Мережковский подчёркивал, что серенькая русская жизнь 30-х годов обратилась под пером Гоголя в такой апофеоз пошлости, равного которому не может представить миру ни одна эпоха всемирной истории. Когда в городе узнают, что Чичиков скупал мёртвые души, чиновники начинают судить и рядить о нём, и толки их тотчас доходят до последних границ вероятного. Одни говорят, что Чичиков — делатель фальшивых ассигнаций. Другие — что он хотел увезти губернаторскую дочку. Третьи — что он капитан Копейкин. «А из числа многих, в своём роде, сметливых предположений было, наконец, одно, — странно даже и сказать, — что не есть ли Чичиков переодетый Наполеон».

В другом городе появление гоголевского героя производит путаницу почти революционную.... Скандалы, соблазны и всё так замешалось и сплелось вместе с историей Чичикова, с мёртвыми душами, что никоим образом нельзя было понять, которое из этих дел было главнейшая чепуха... В одной части губернии оказался голод... В другой части губернии расшевелились раскольники. Кто-то пропустил между ними, что народился антихрист, который и мёртвым не даёт покоя, скупая какие-то мёртвые души. Каялись и грешили и, под видом изловить антихриста, укокошили неантихристов... В другом месте мужики взбунтовались»...

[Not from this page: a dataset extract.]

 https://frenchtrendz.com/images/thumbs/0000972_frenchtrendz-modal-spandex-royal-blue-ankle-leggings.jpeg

Поистине нужно быть русским человеком, всегда готовым в жизни ко всему и привыкшим всему (особенно плохому) верить, чтобы признать эту удивительную революцию, вызванную похождениями Чичикова, за реализм. А ведь вся эта история едва ли менее невероятна, чем то, что нос майора Ковалева стал самостоятельно разъезжать по Петербургу в мундире с золотом.

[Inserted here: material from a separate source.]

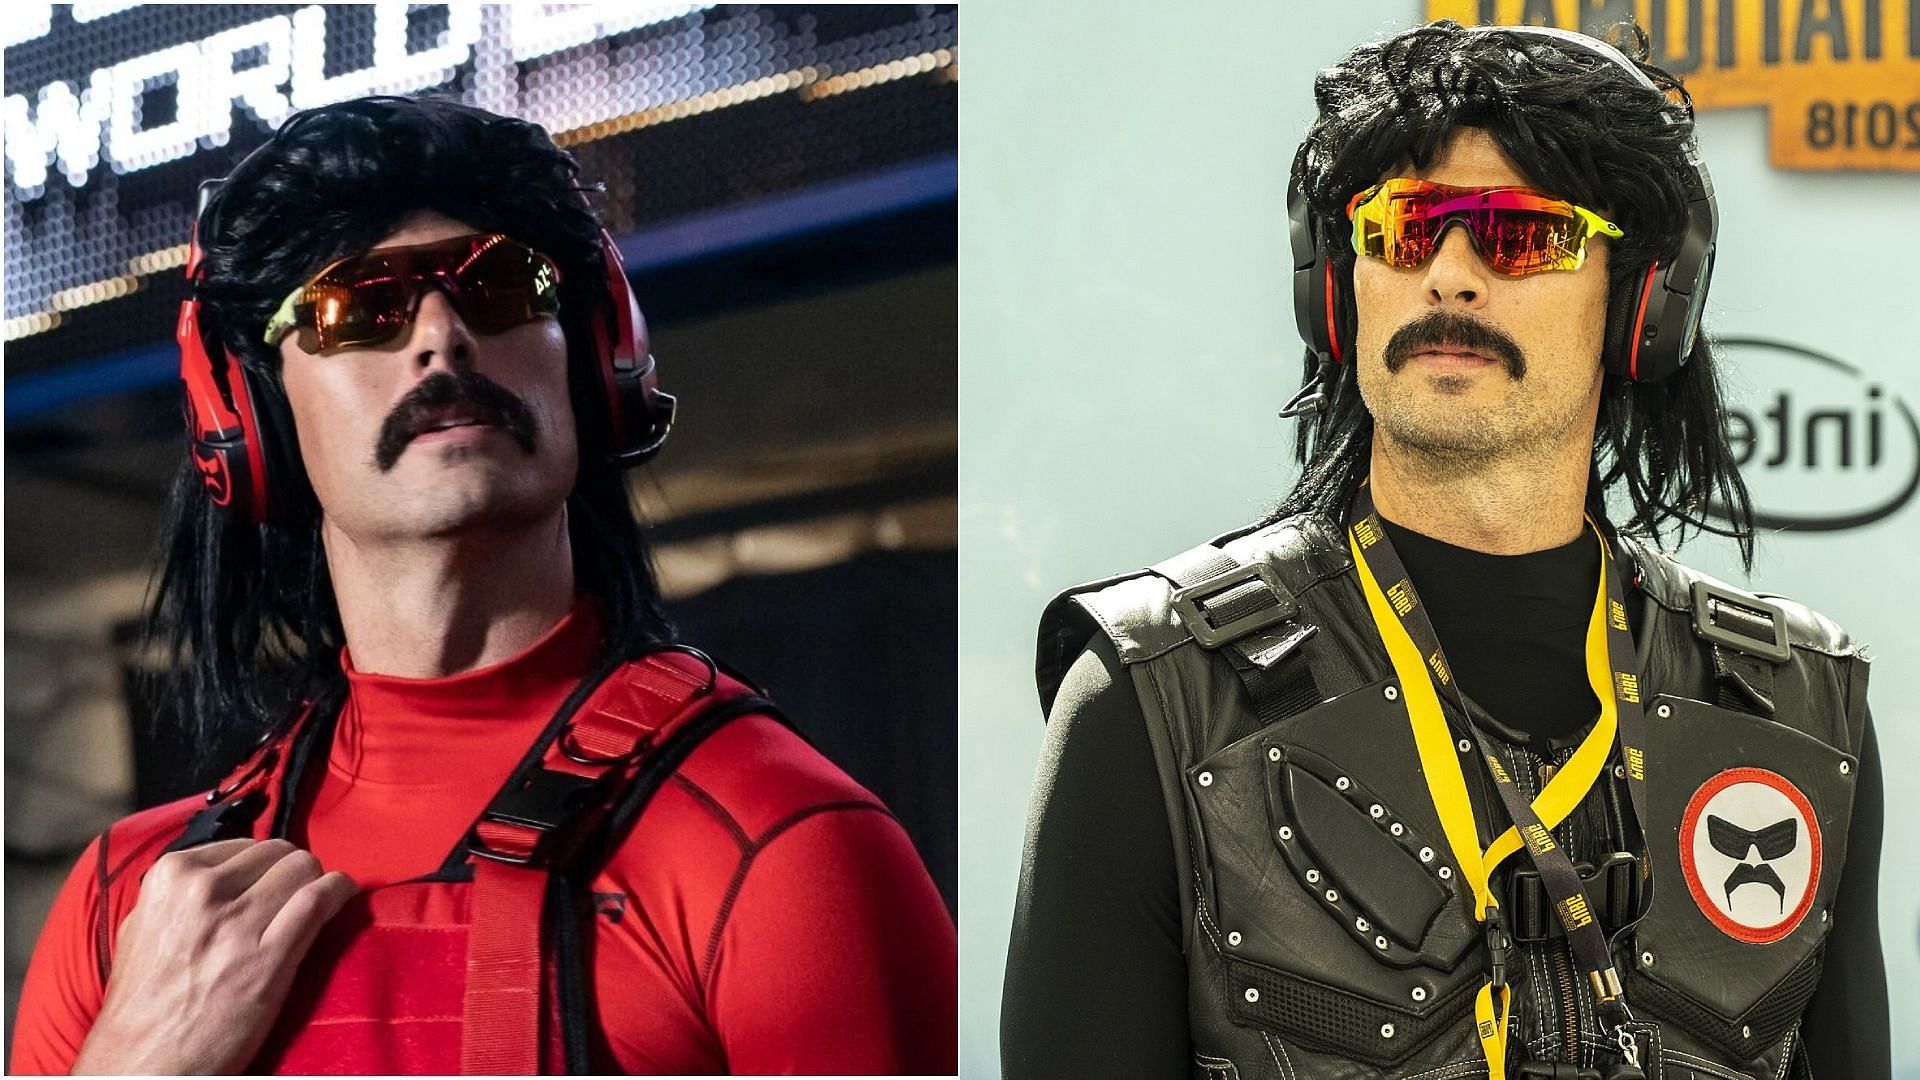 Dr Disrespect's new book: release date, preorder, summary - Dexerto

Мифосимволическое начало, в котором бытовое ничем не отделено от фантастического, диалектика невозможного и возможного органична и гениально правдоподобна, благодаря формуле гротеска — такое начало характерно именно для фольклора, основным носителем которого в каждую конкретную эпоху является самое старшее поколение. Вспоминаются слова моей бабушки, родом ещё из xix века, которая, достигнув в светлом уме и твёрдой памяти 90 лет, ничему из вновь открытого наукой или придуманного советской фантастикой не удивлялась, а только говорила важно: «Всё может быть». Это великое мифопоэтическое фольклорное «Всё может быть» ярче всех в русской классике воплотил Гоголь, и оттого он значительно более по-русски народен, чем целый сонм бытописателей.

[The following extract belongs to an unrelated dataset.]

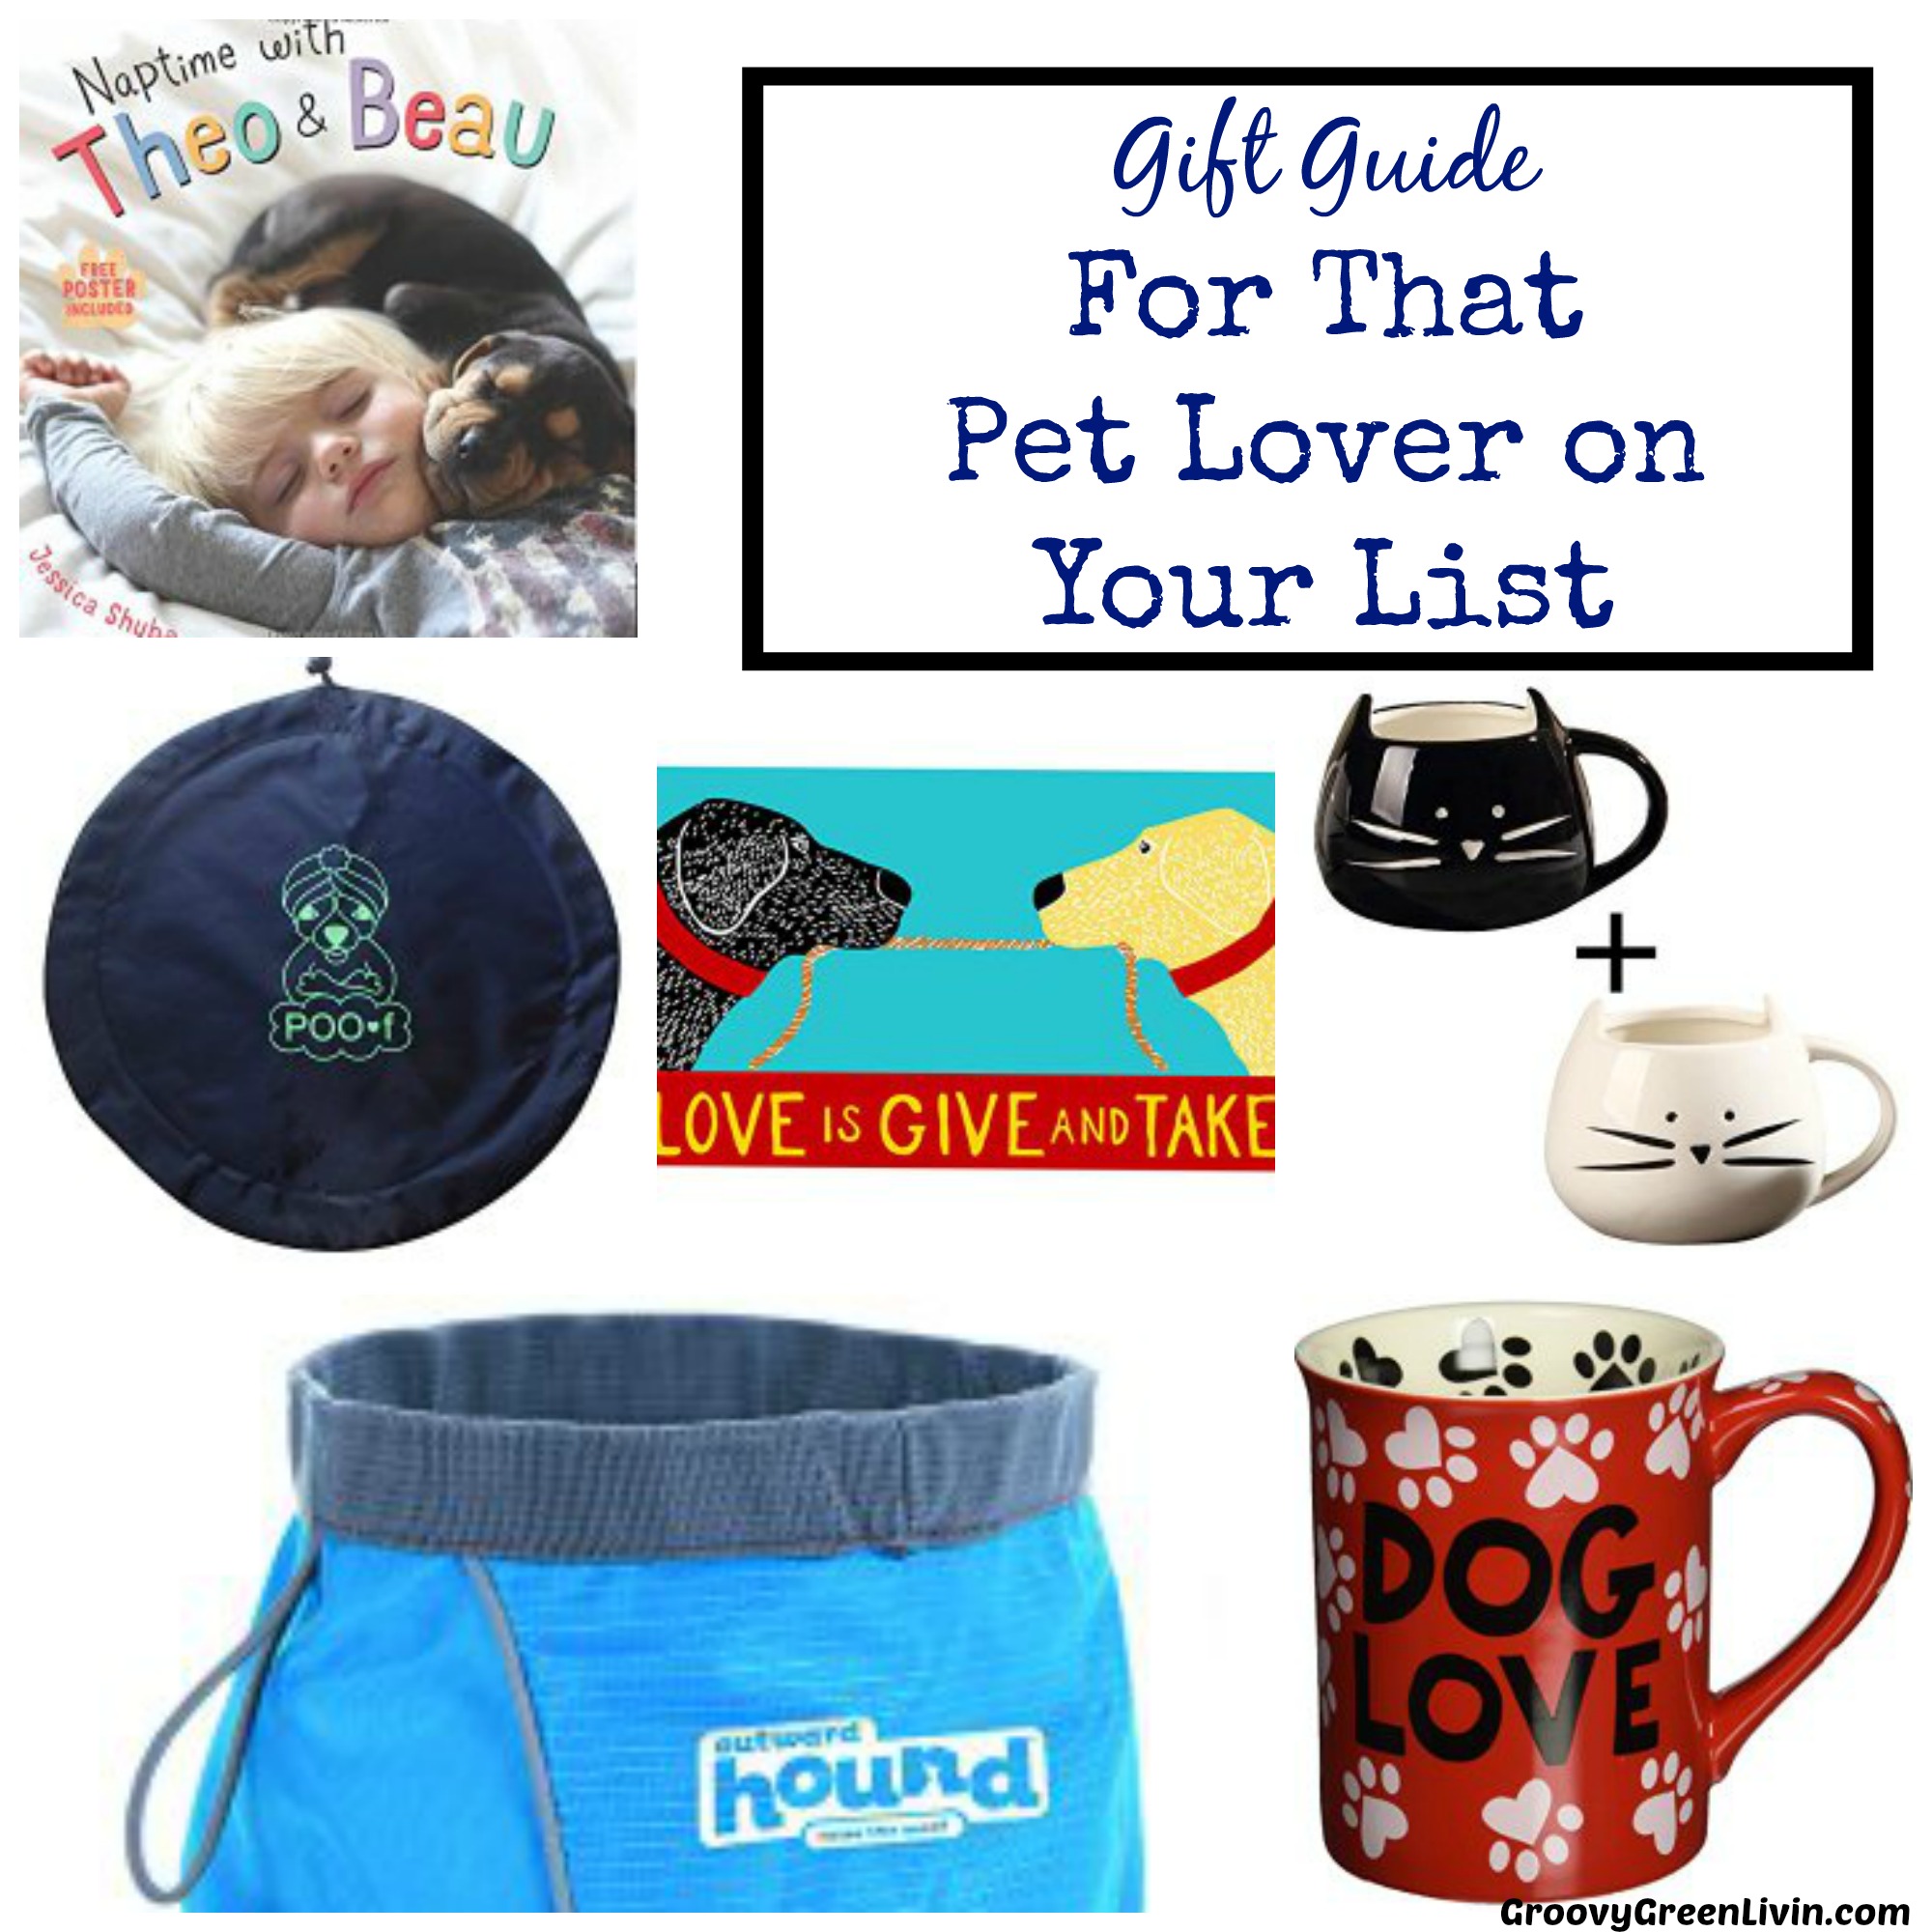 Gift Guide for That Pet Lover on Your List

Важнейший критерий народности Гоголя — последовательное выражение идеалов народа. Одиссеево путешествие по кругам Ада российской жизни у Гоголя получилось лучше, чем описание Чистилища этой жизни и её предполагаемого рая во 2-м томе «Мёртвых душ». Мне представляется, именно потому, что Гоголь, подобно Сервантесу, остро чувствовал разницу между нормой, вокруг которой происходит культурообразование в большинстве стран Запада, и идеалом. Идеалом, тем более возвышенным и совершенным, чем менее вероятна хоть малая его реализация в российский действительности.